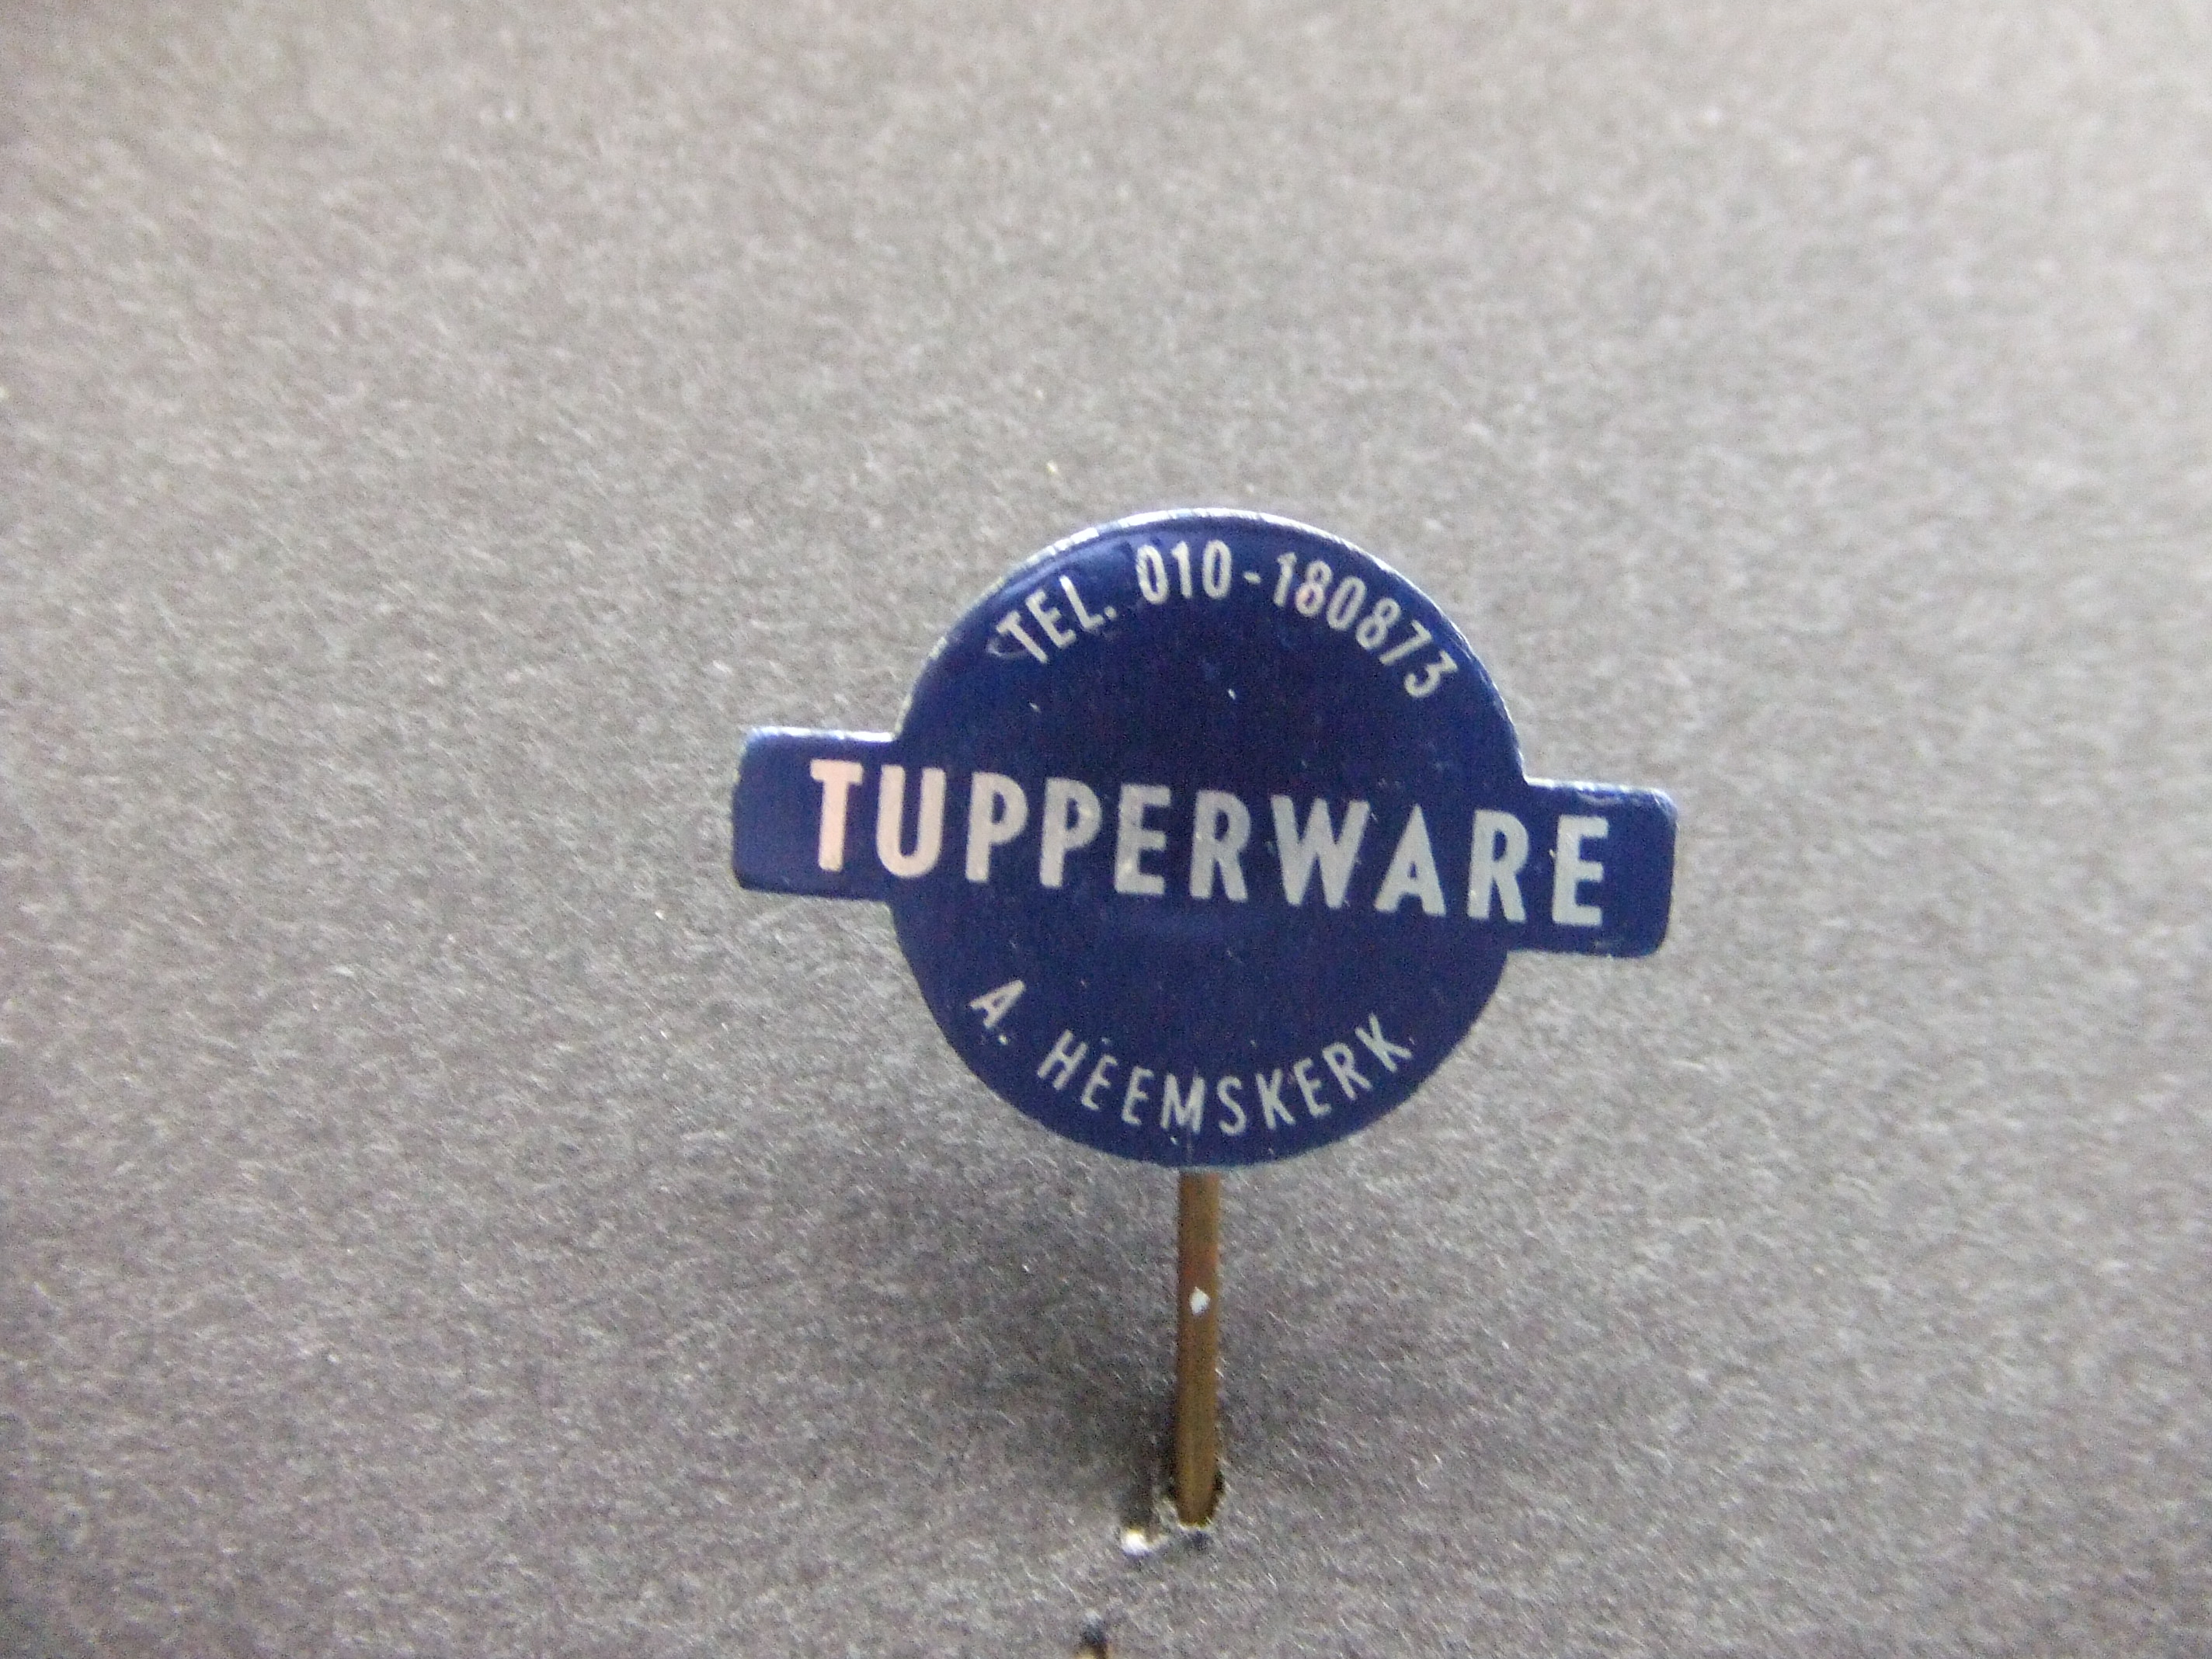 Tupperware consulent A Heemskerk Rotterdam
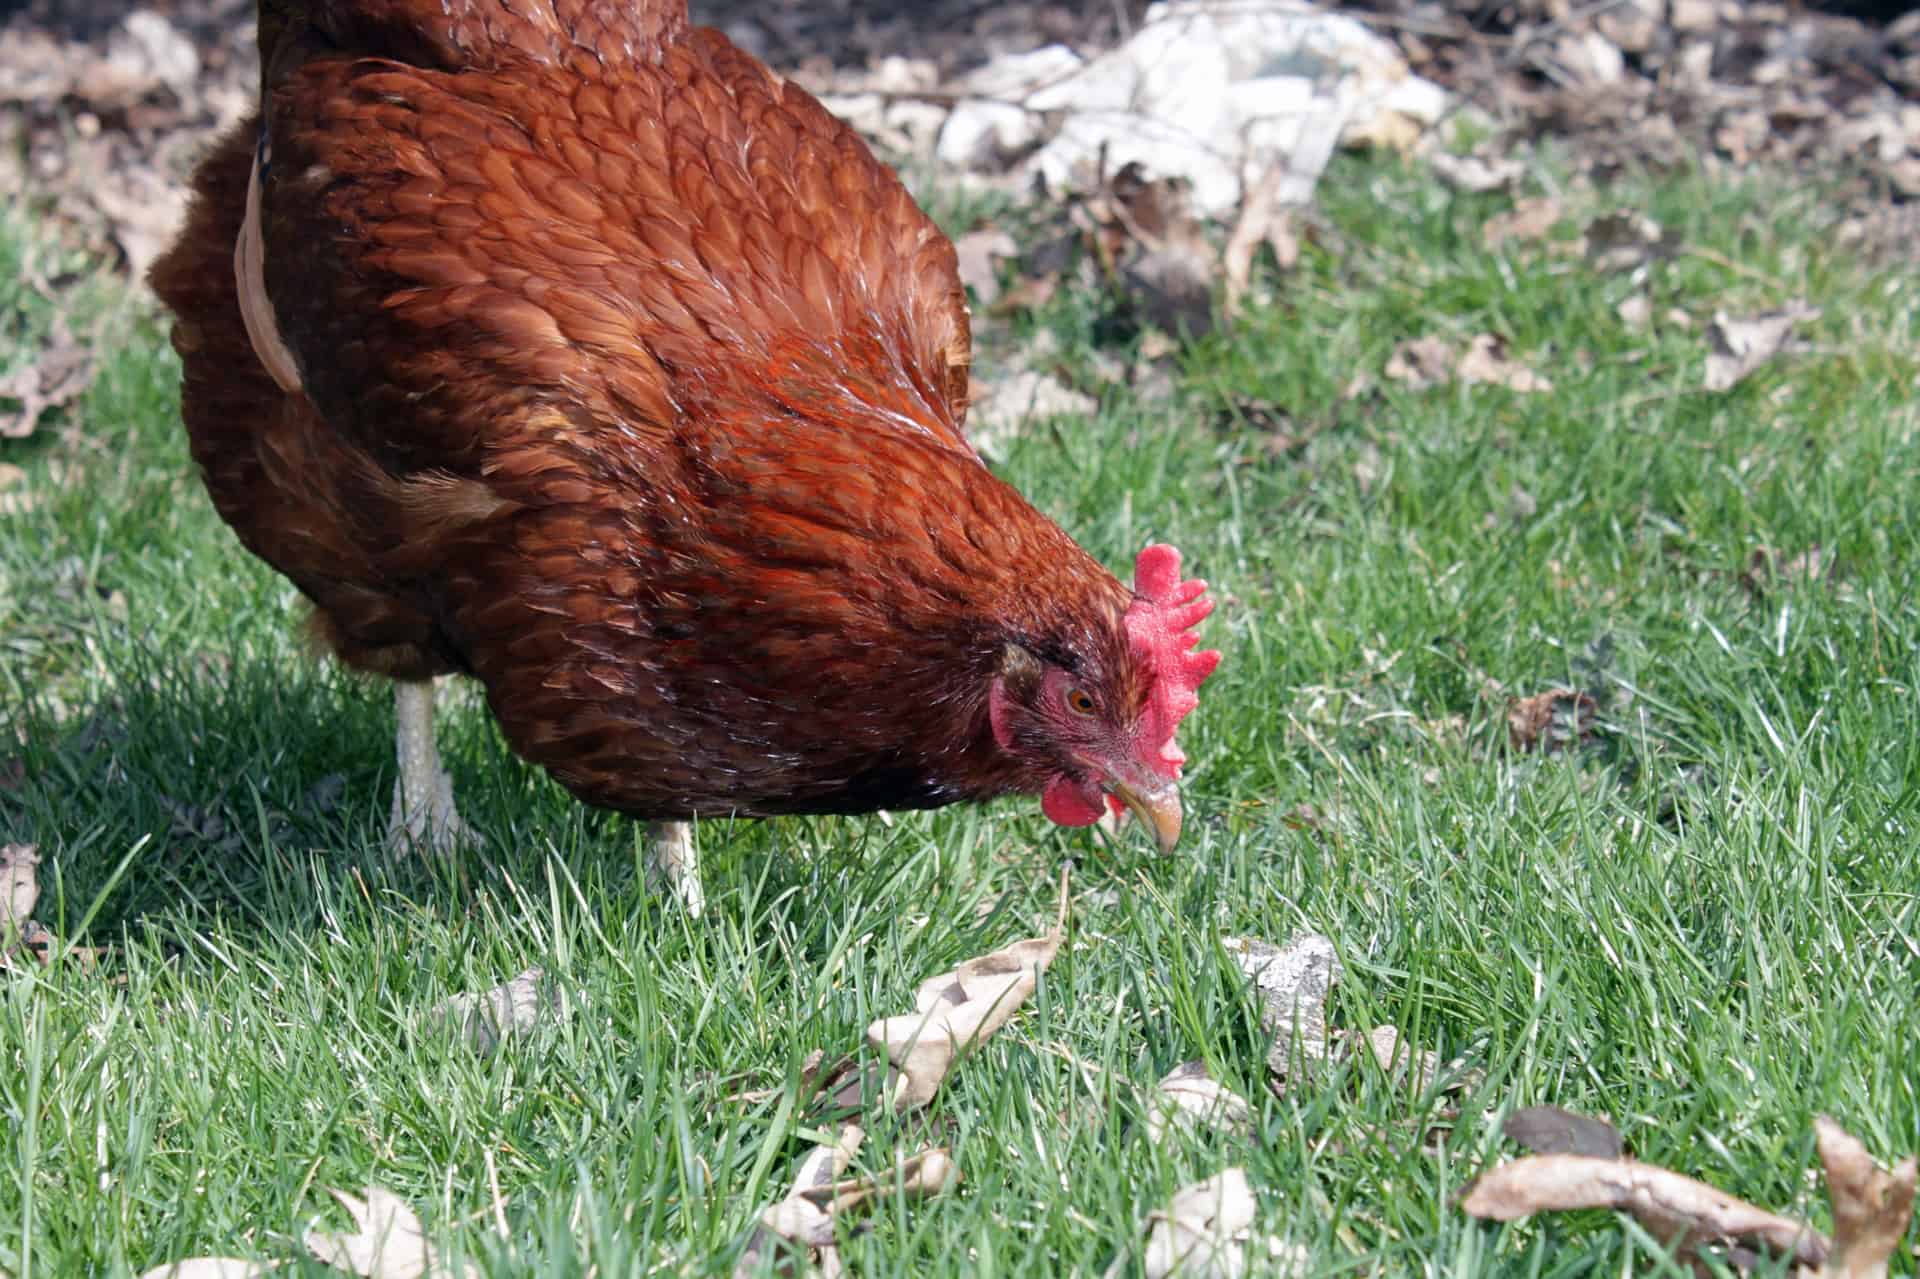 rhode island red chicken hunting in grass
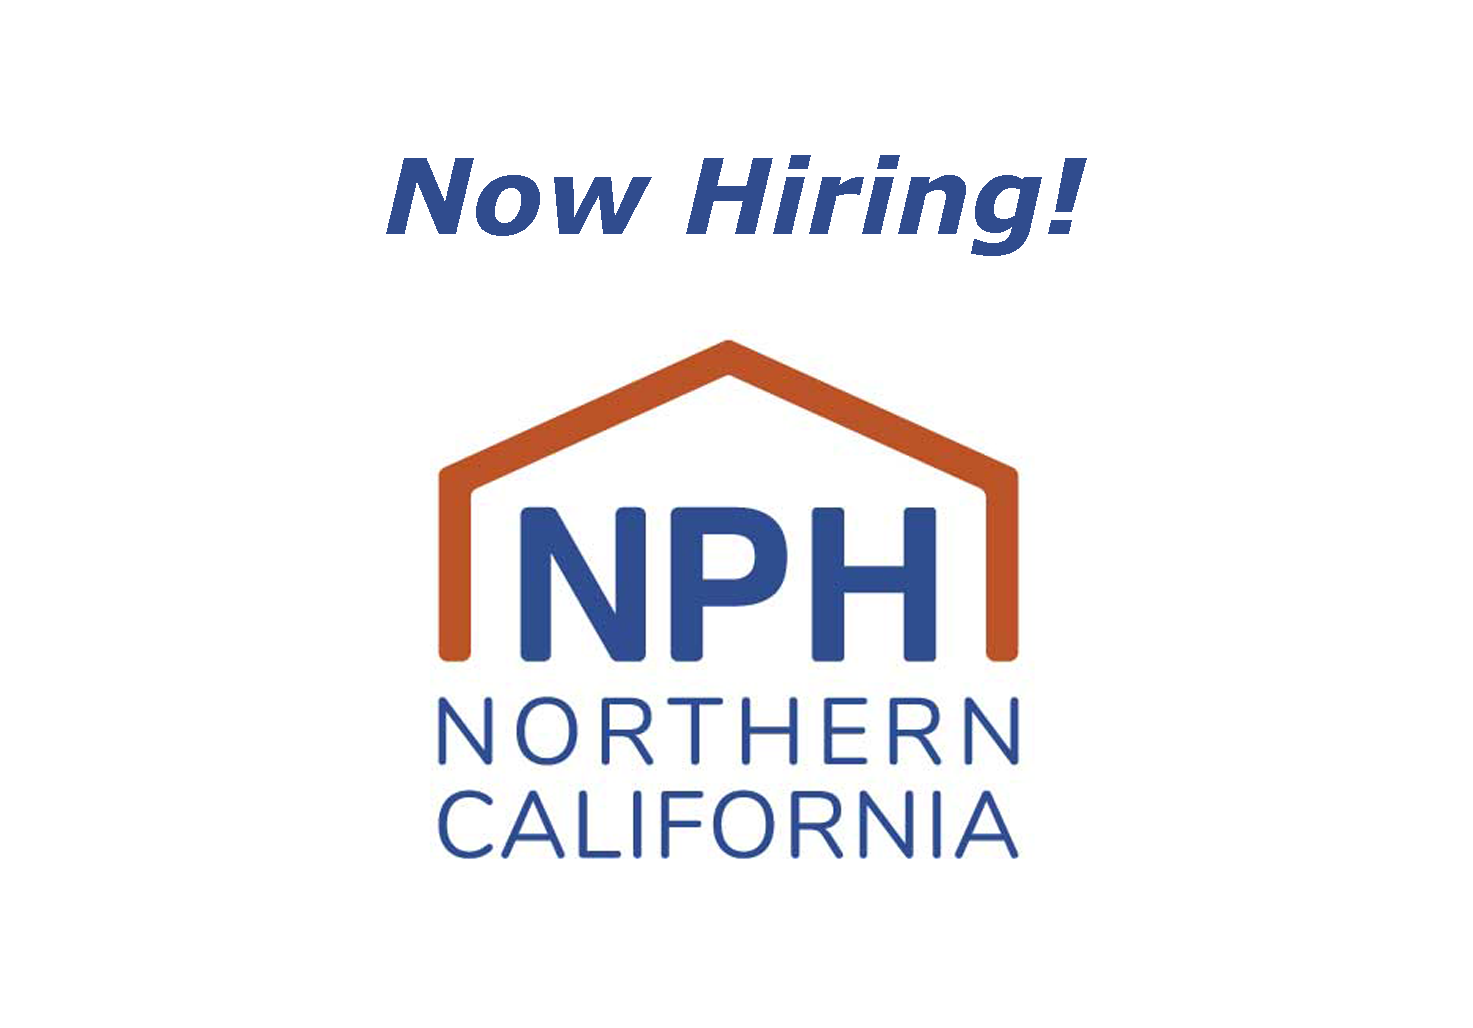 Now hiring written above NPH logo

• _Instructions to follow_
Repeat the material above exactly; pictures do not belong in the copy.

• _Answer below_
 Tupperware consulent A Heemskerk Rotterdam
 rhode island red chicken hunting in grass
 Now hiring written above NPH logo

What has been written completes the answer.